* Instructions for the task: What you write must match, character for character, the lines from the one with "Benedict S Home And Garden" down to the one with "Manejo Integrado da" in the listing below, minus its pictures.

* Materials provided:
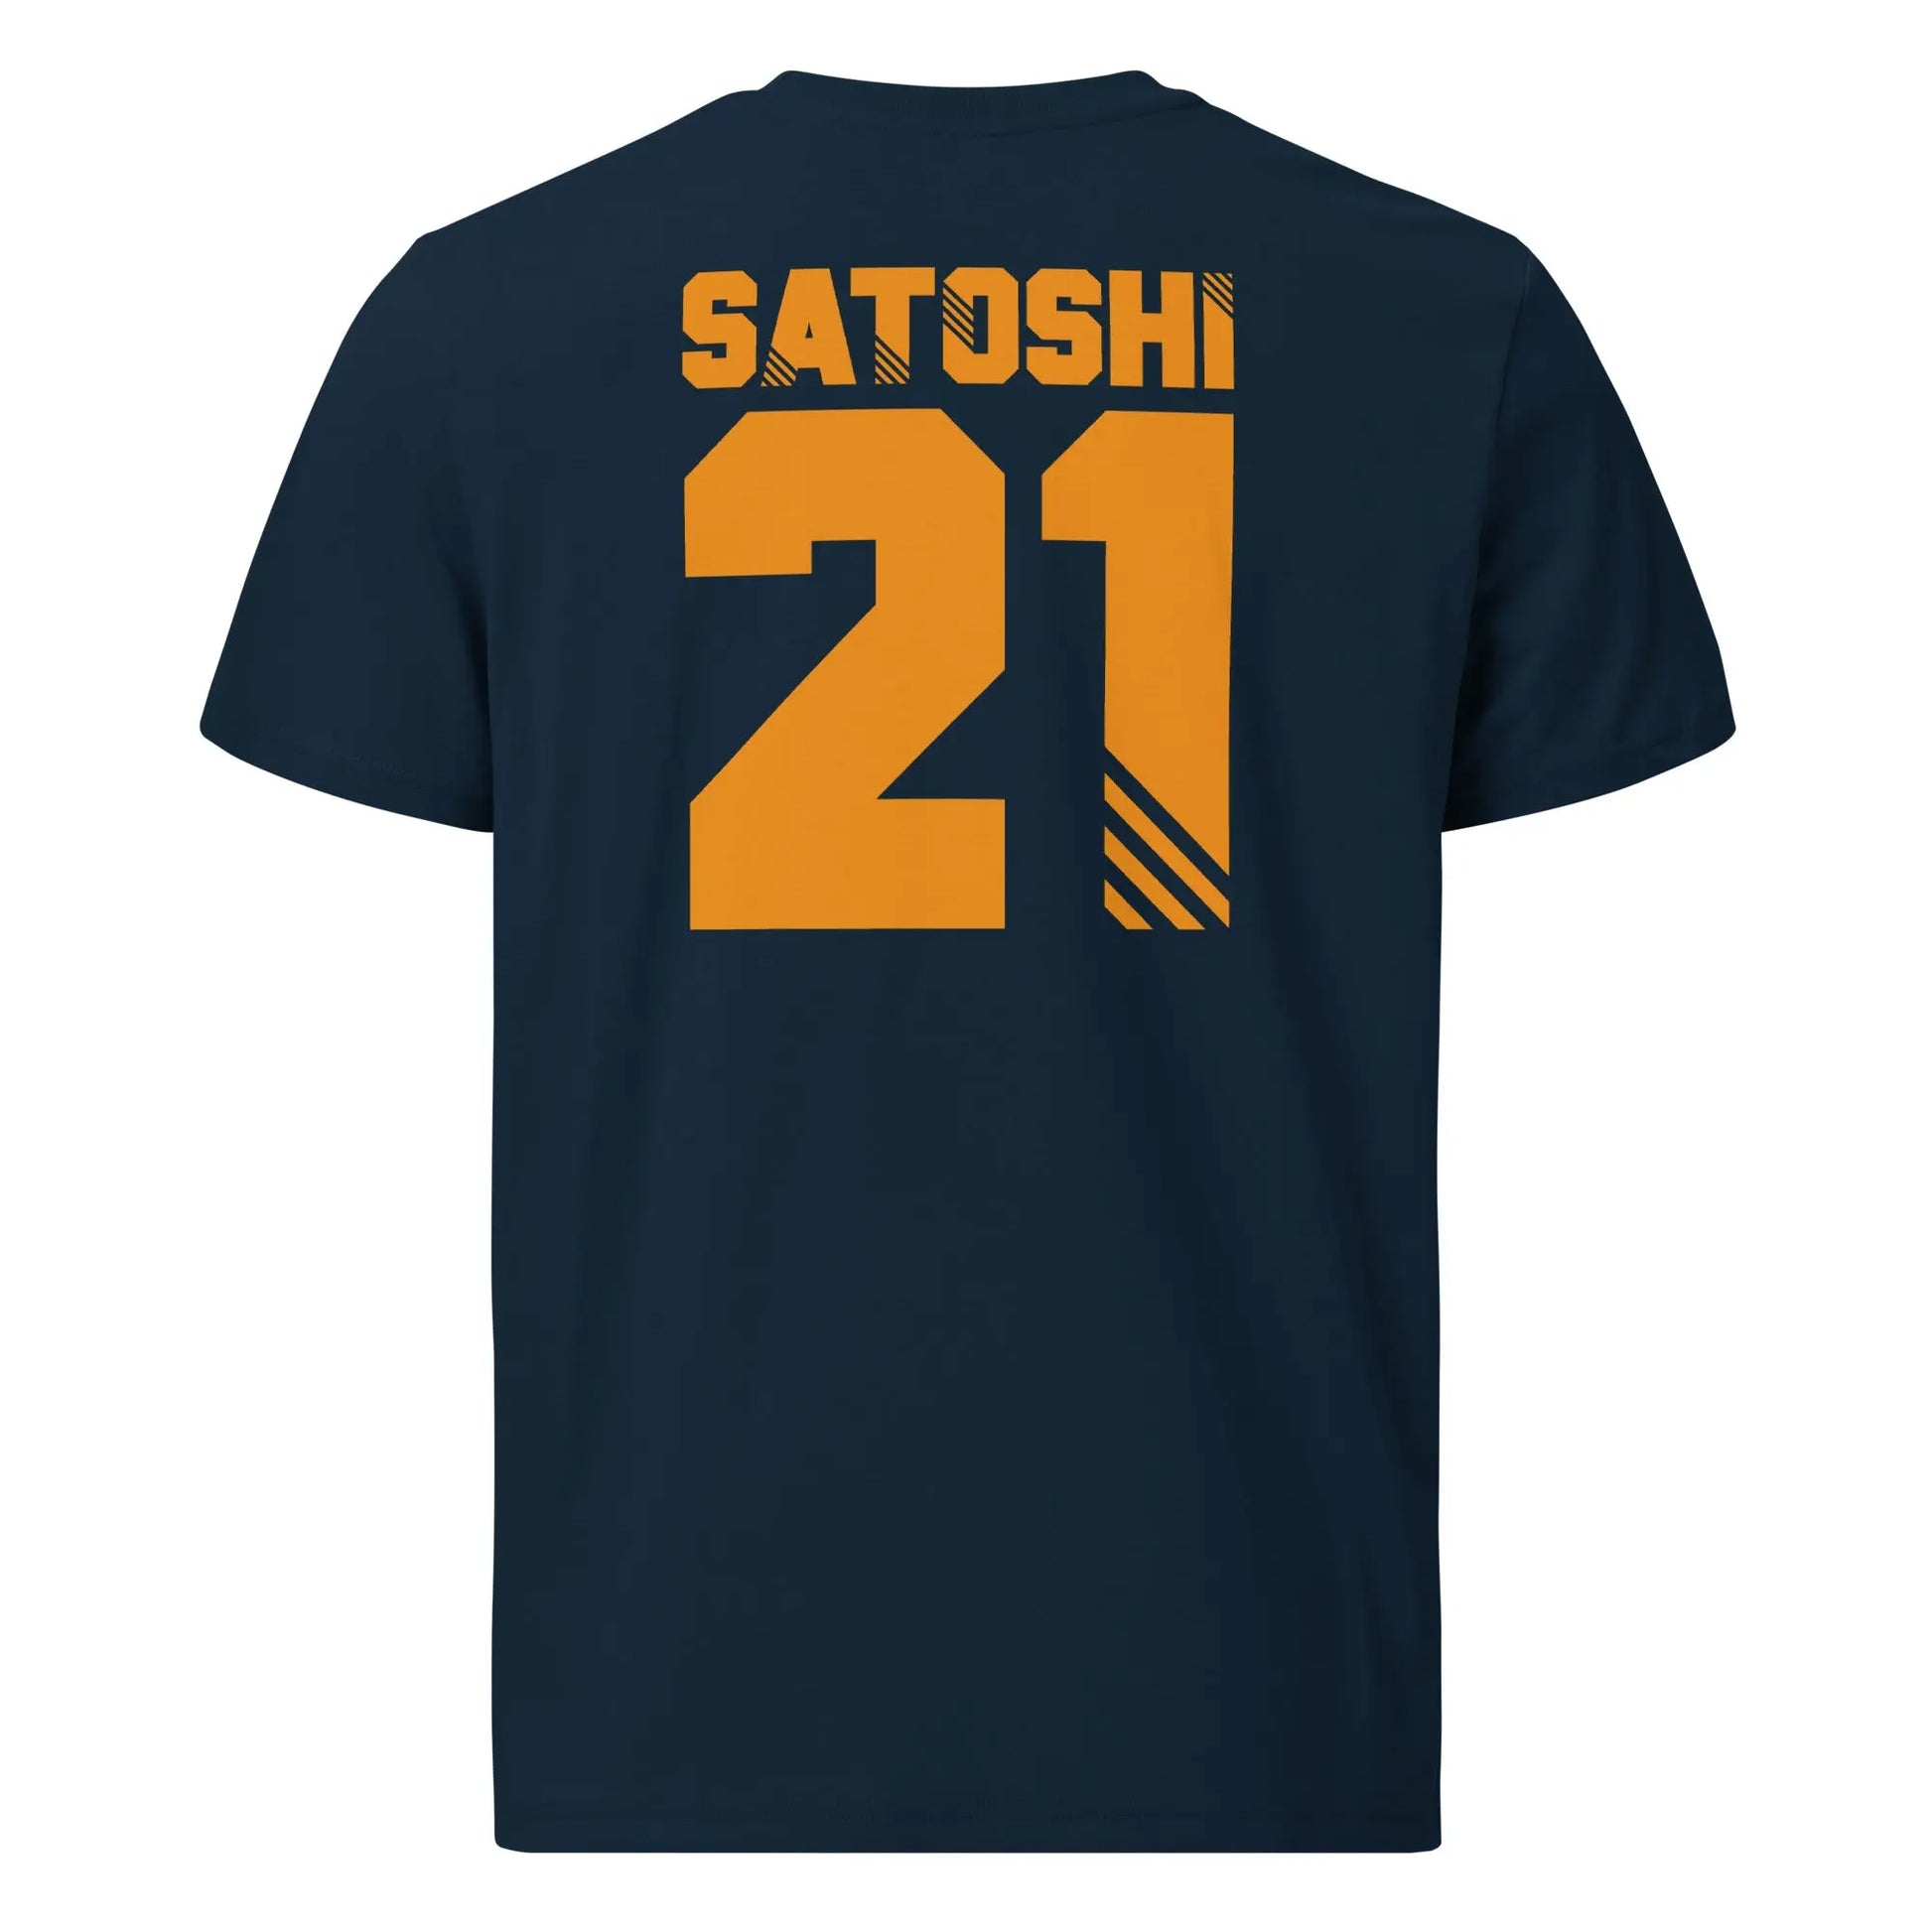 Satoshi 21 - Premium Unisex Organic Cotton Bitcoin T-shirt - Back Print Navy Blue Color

...

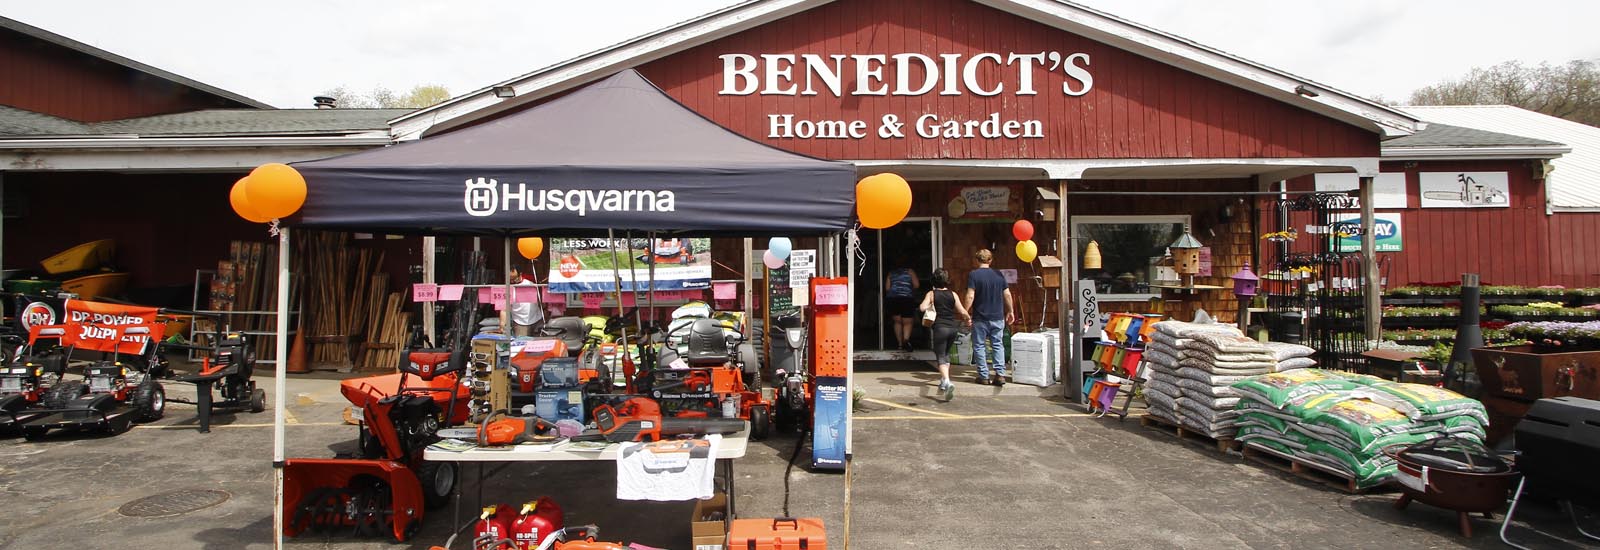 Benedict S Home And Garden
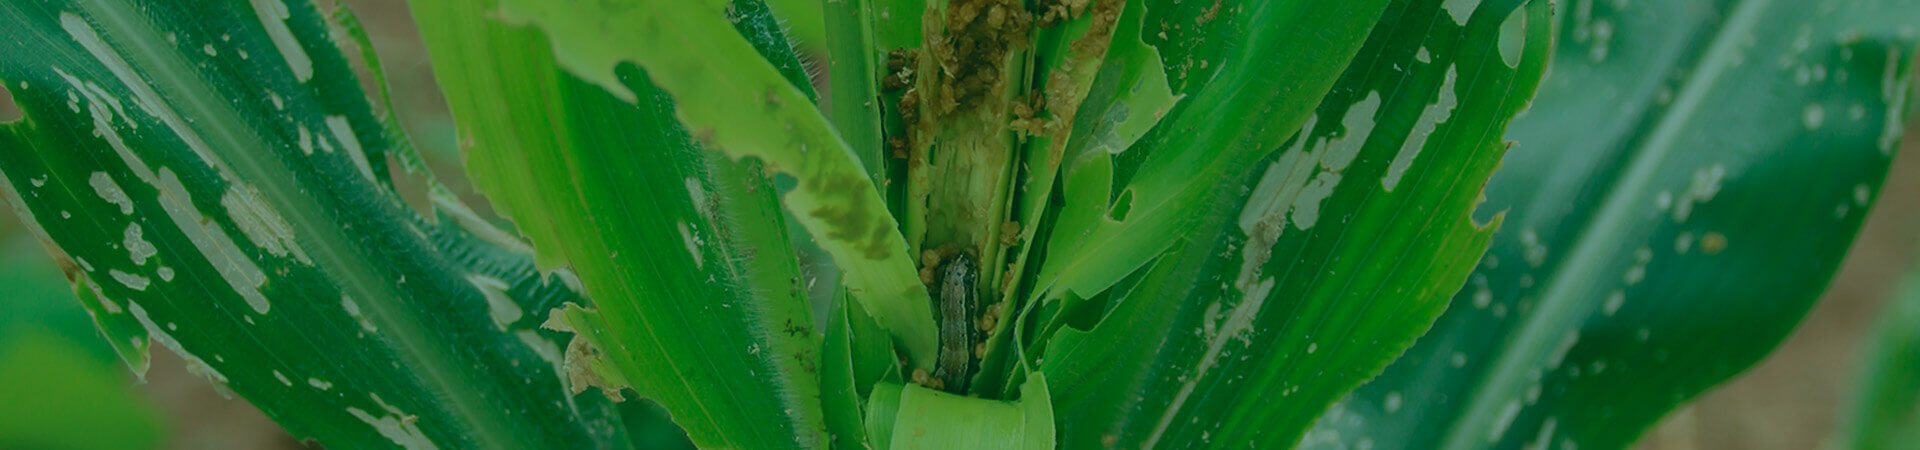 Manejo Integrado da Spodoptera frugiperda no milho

* Written answer:
 Benedict S Home And Garden
 Manejo Integrado da Spodoptera frugiperda no milho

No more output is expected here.